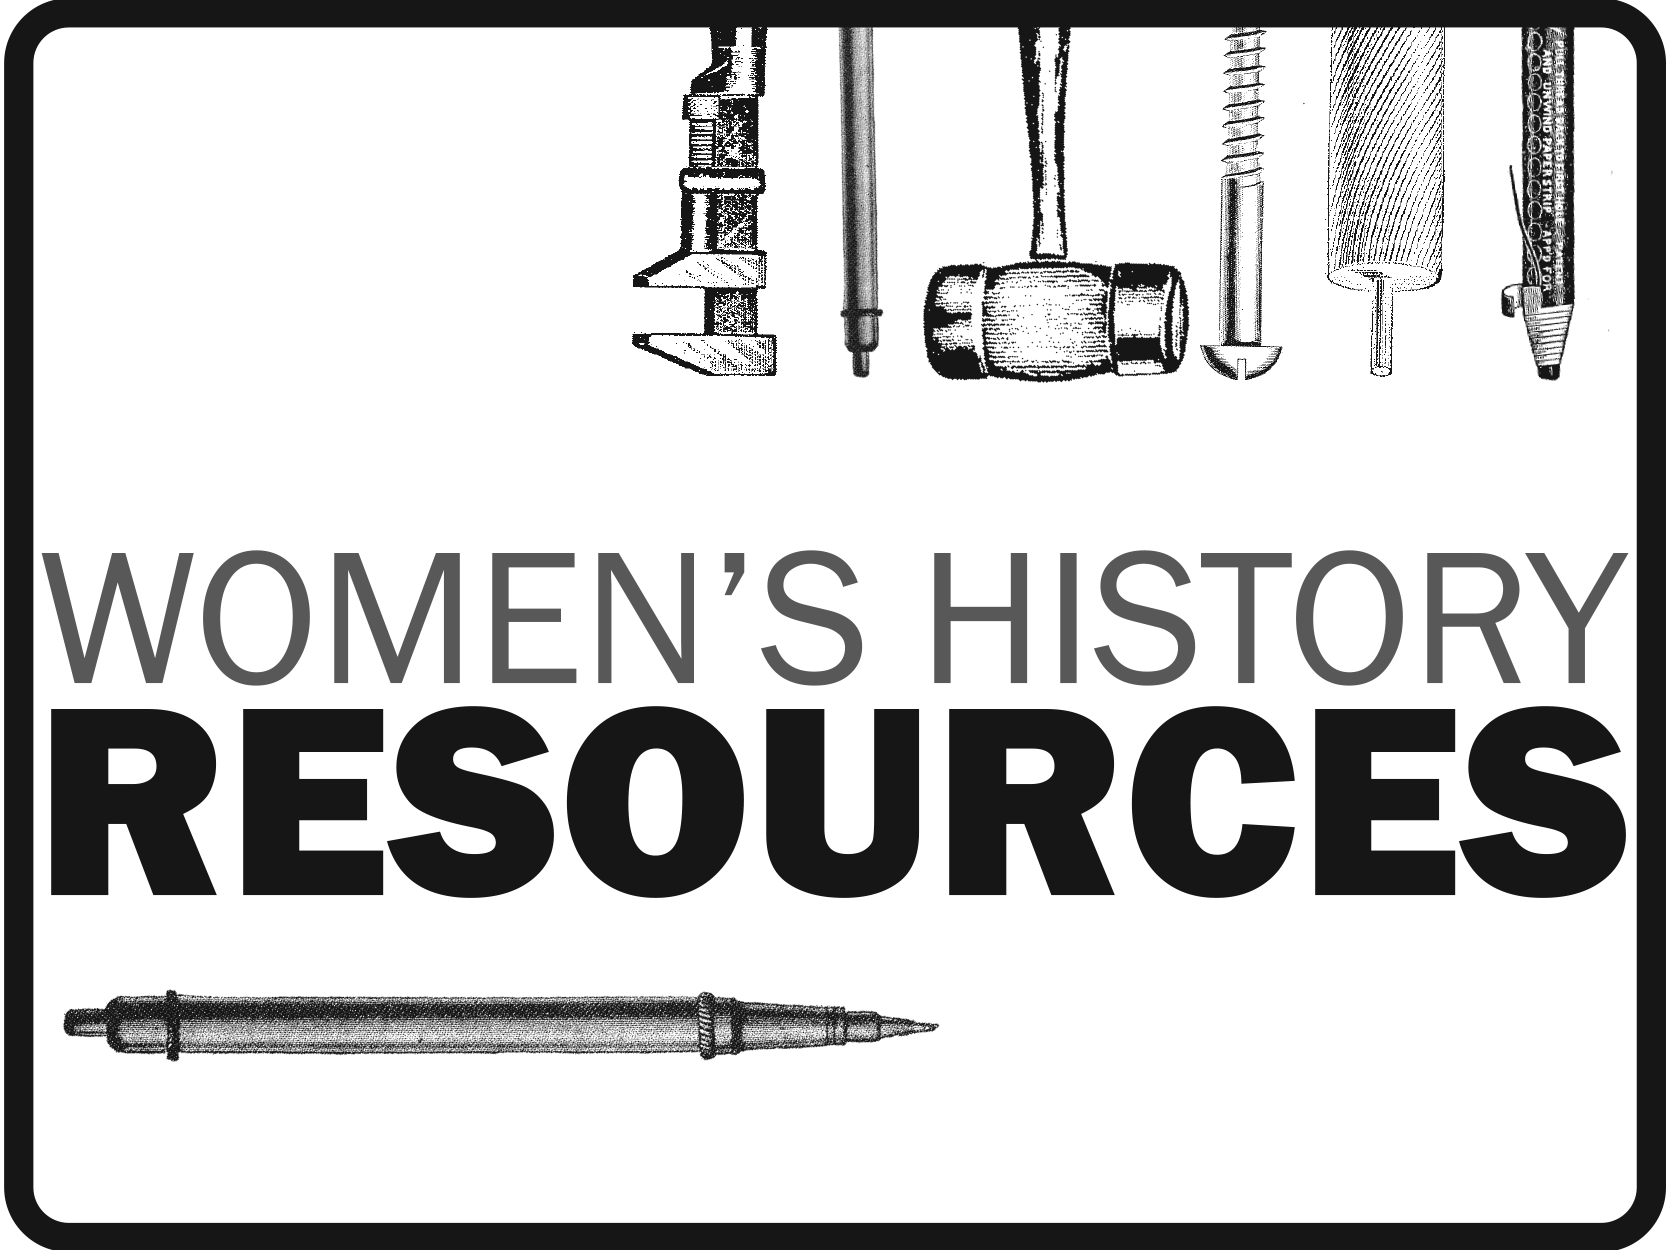 Womens History Resources
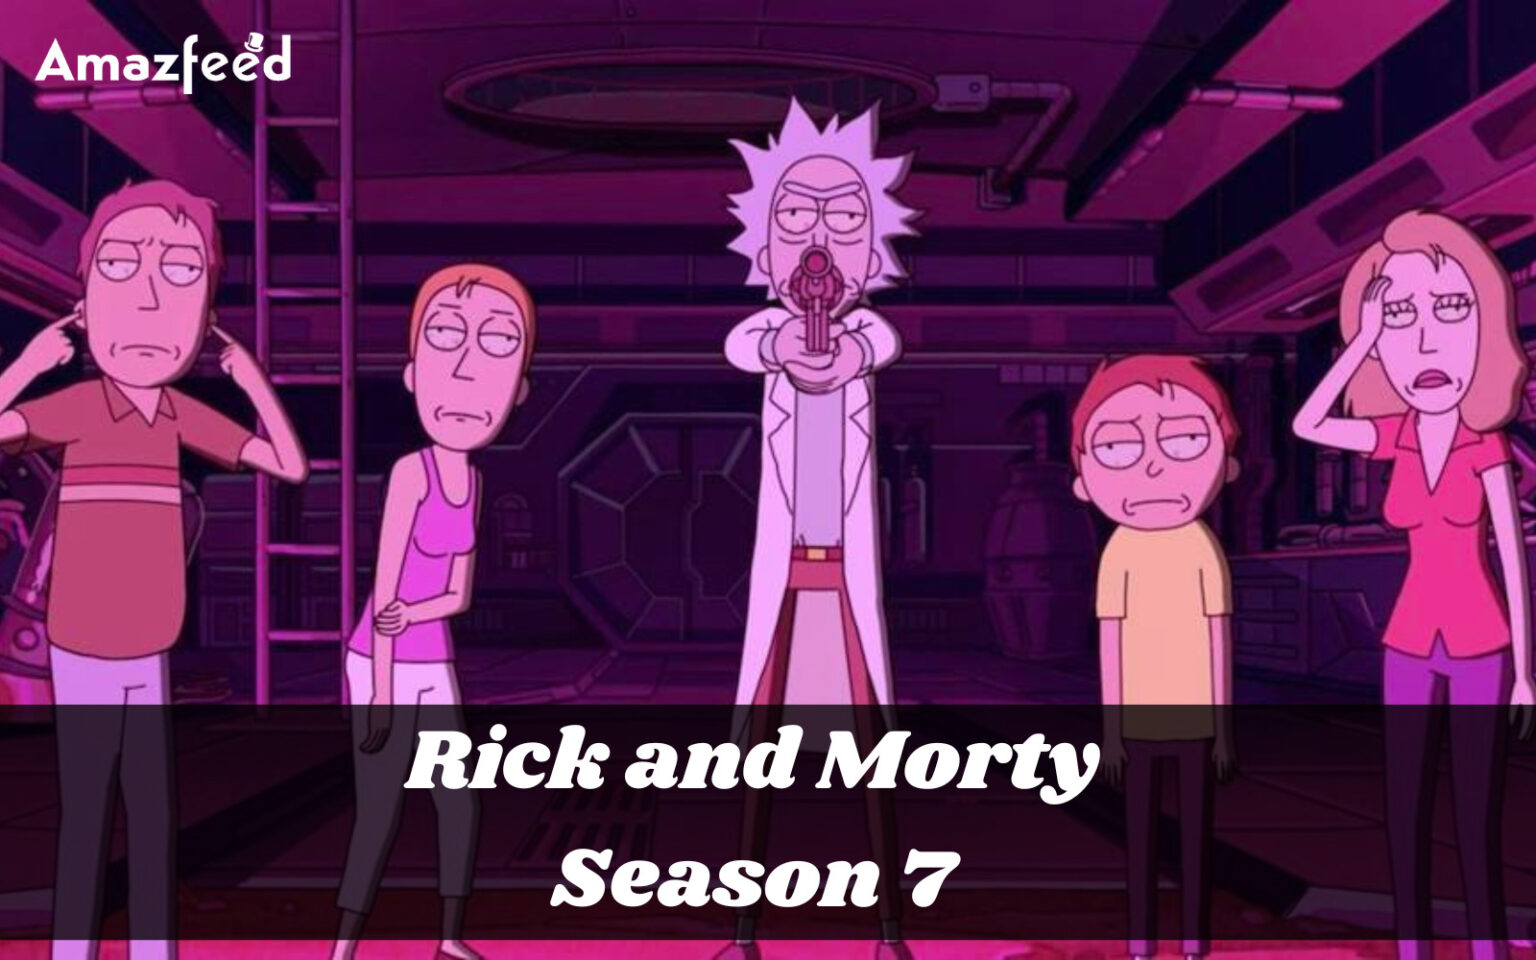 Rick And Morty Season 7 Confirmed Release Date Did The Show Finally Get Renewed Amazfeed 4457
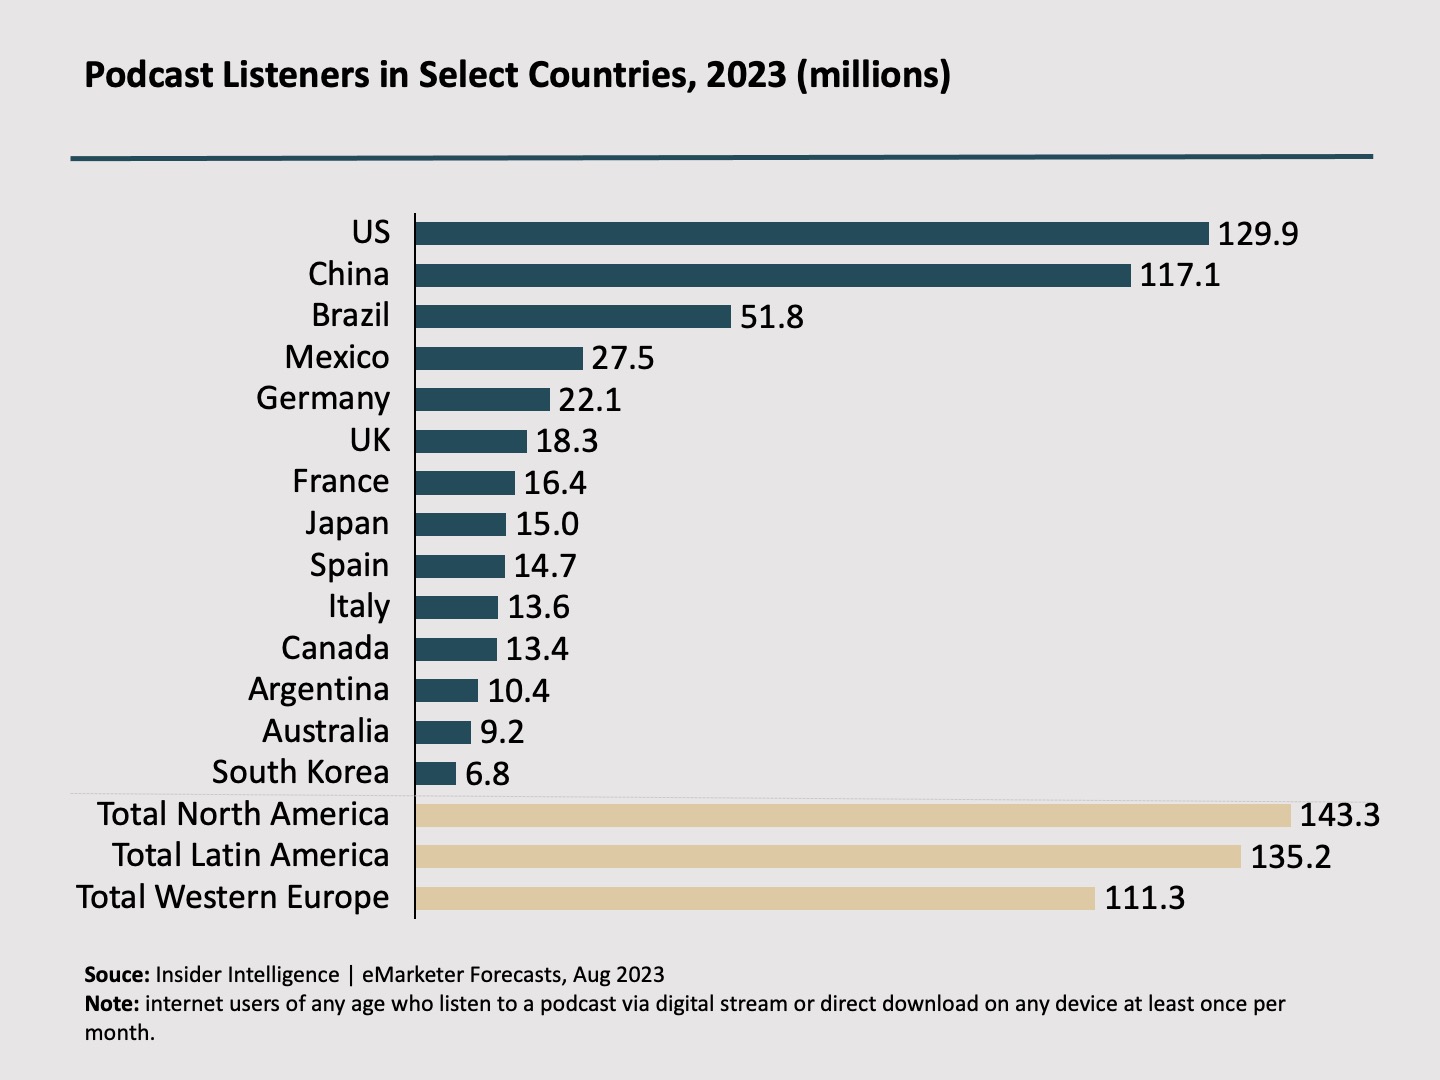 Podcast listeners in select countries
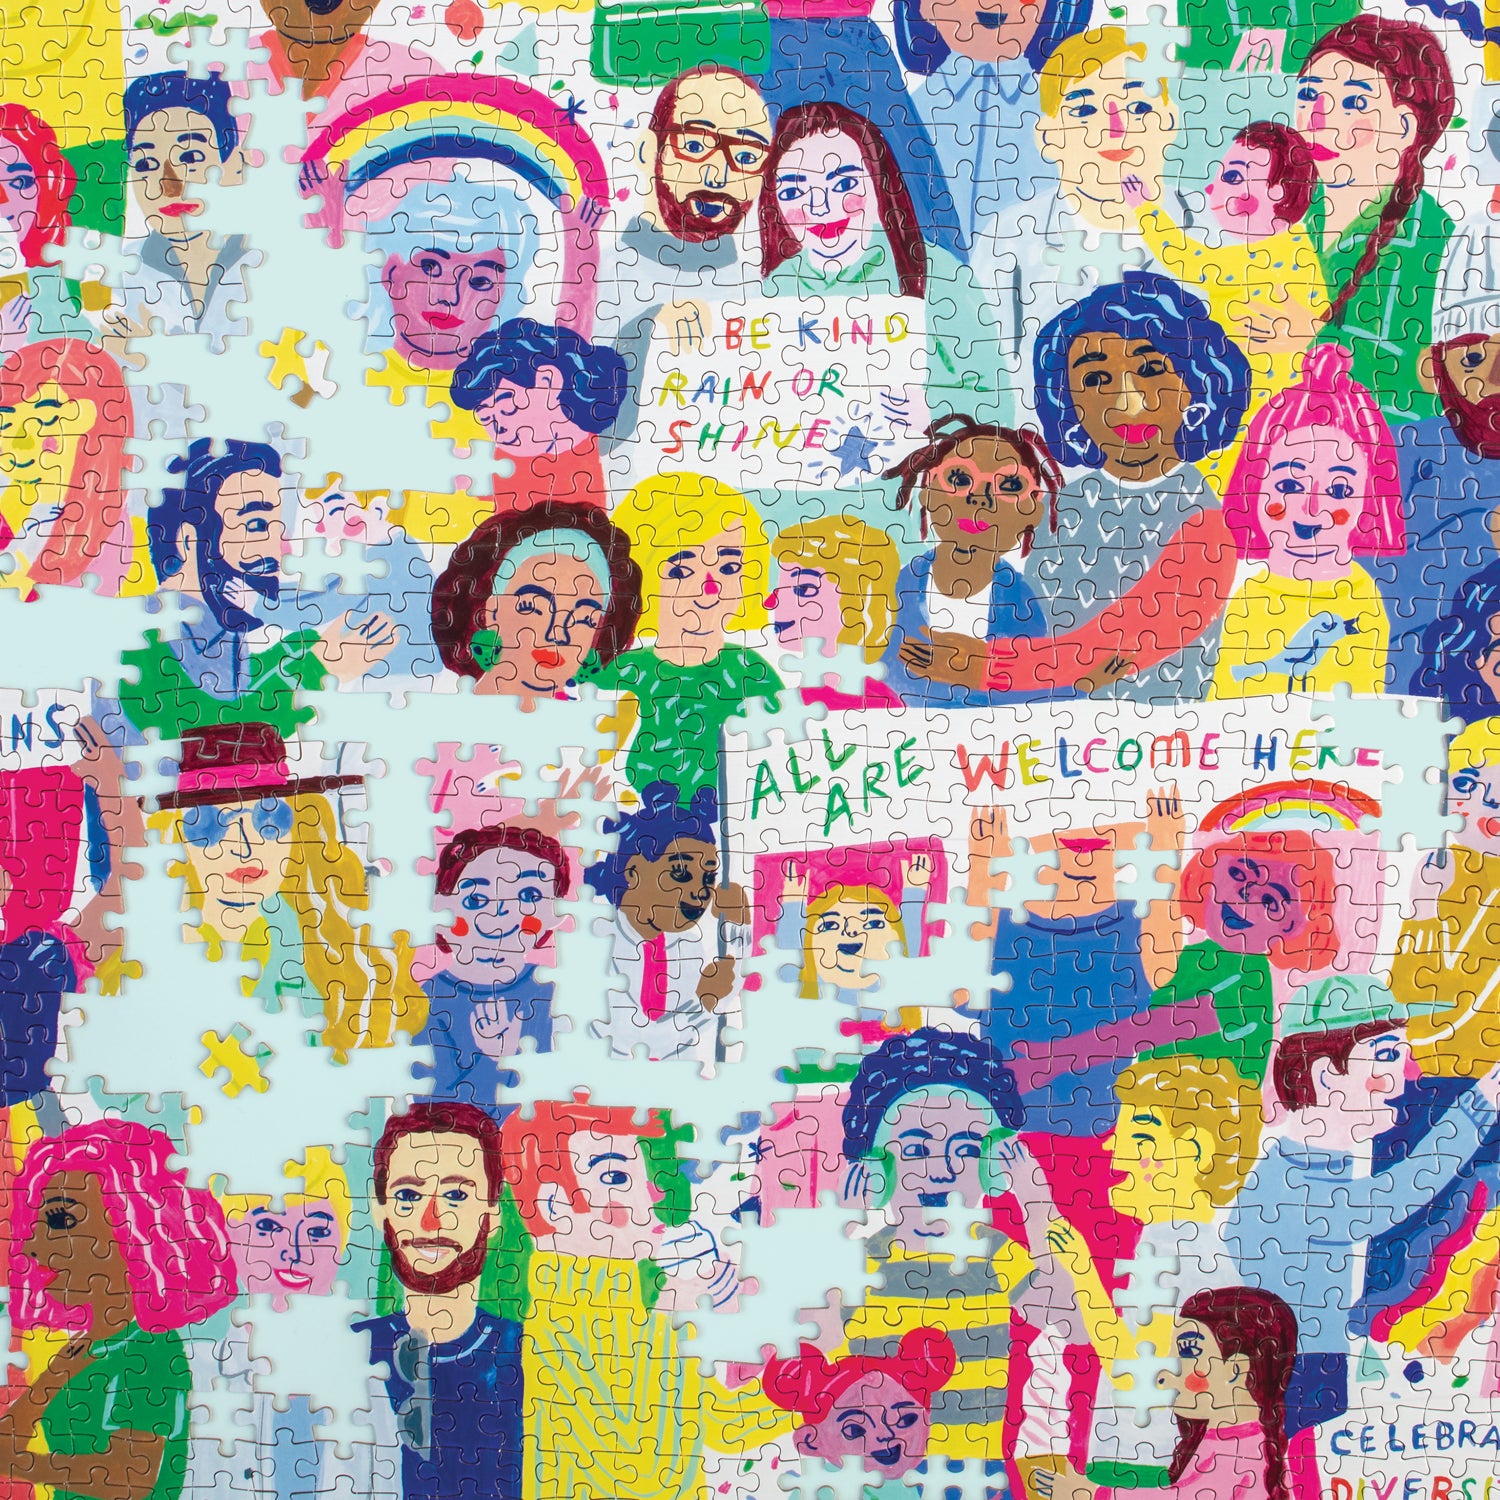 All Are Welcome Here! 1000 Piece Jigsaw Puzzle closeup
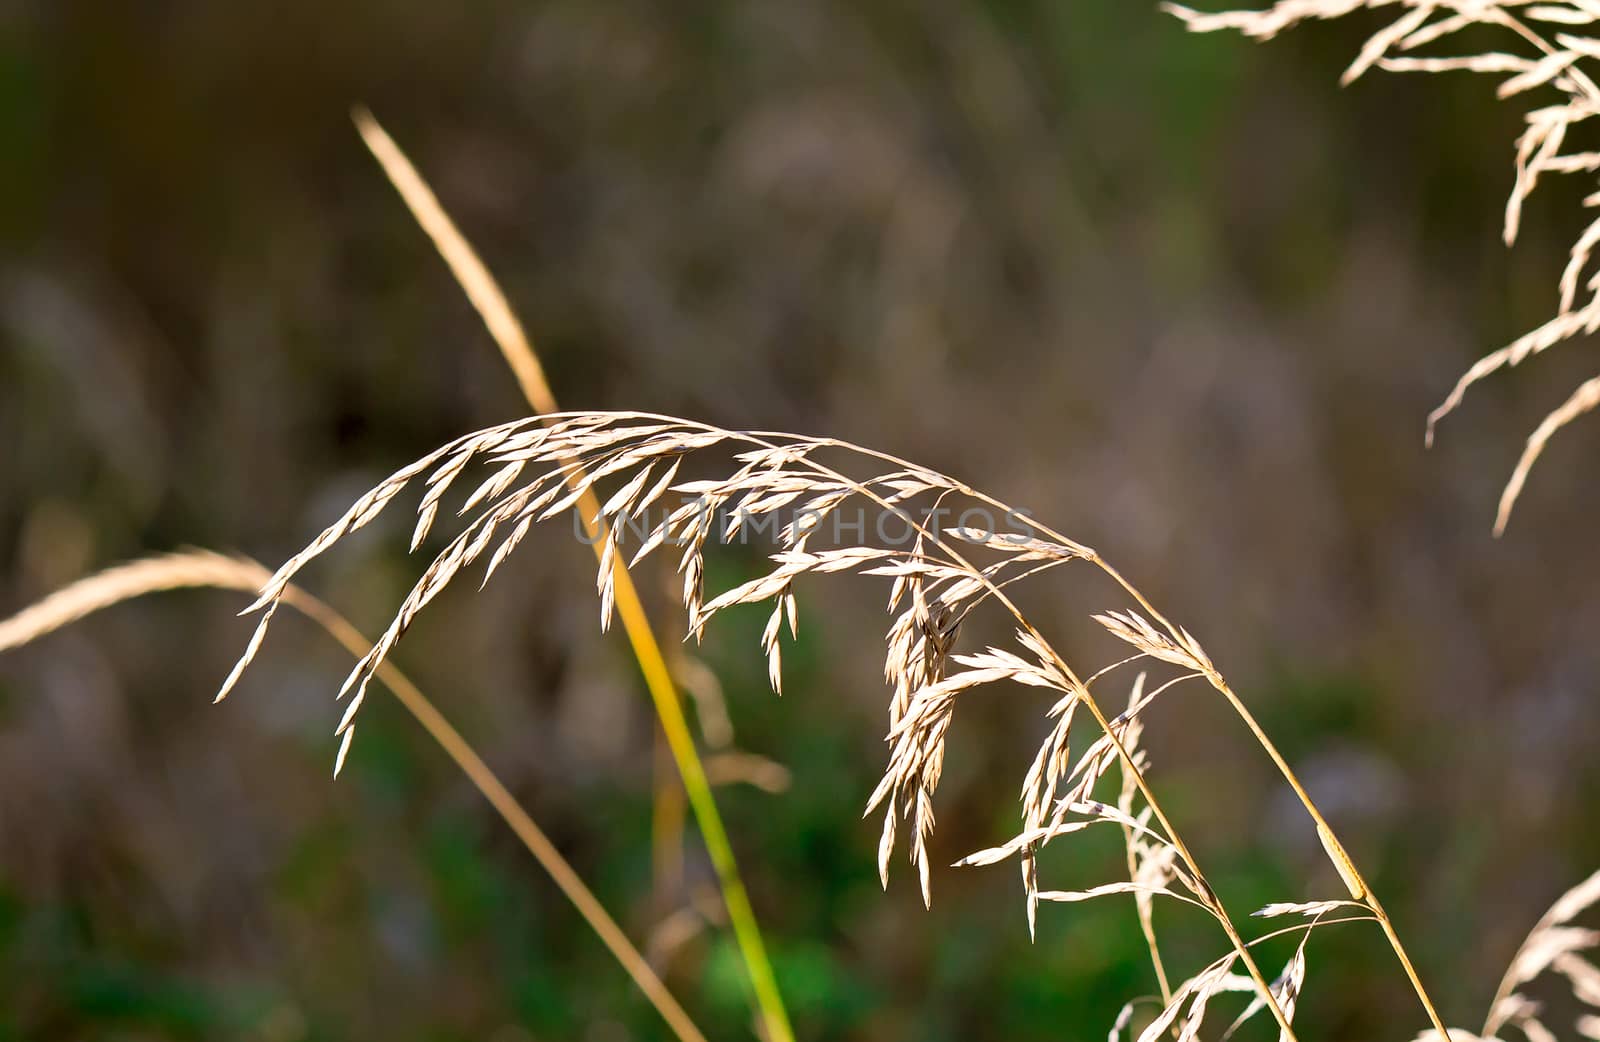 Autumn landscape : the stems of dried grass on a dark green background.

> [Your objective] All lines from the start of the entries above through the line containing "All Are Welcome" are to be given again exactly; the pictures are not.

> [Response area]
 Womens History Resources
 Rick And Morty Season 7 Confirmed Release Date Did The Show Finally Get Renewed Amazfeed 4457
 Podcast listeners in select countries
 All Are Welcome Here! 1000 Piece Jigsaw Puzzle closeup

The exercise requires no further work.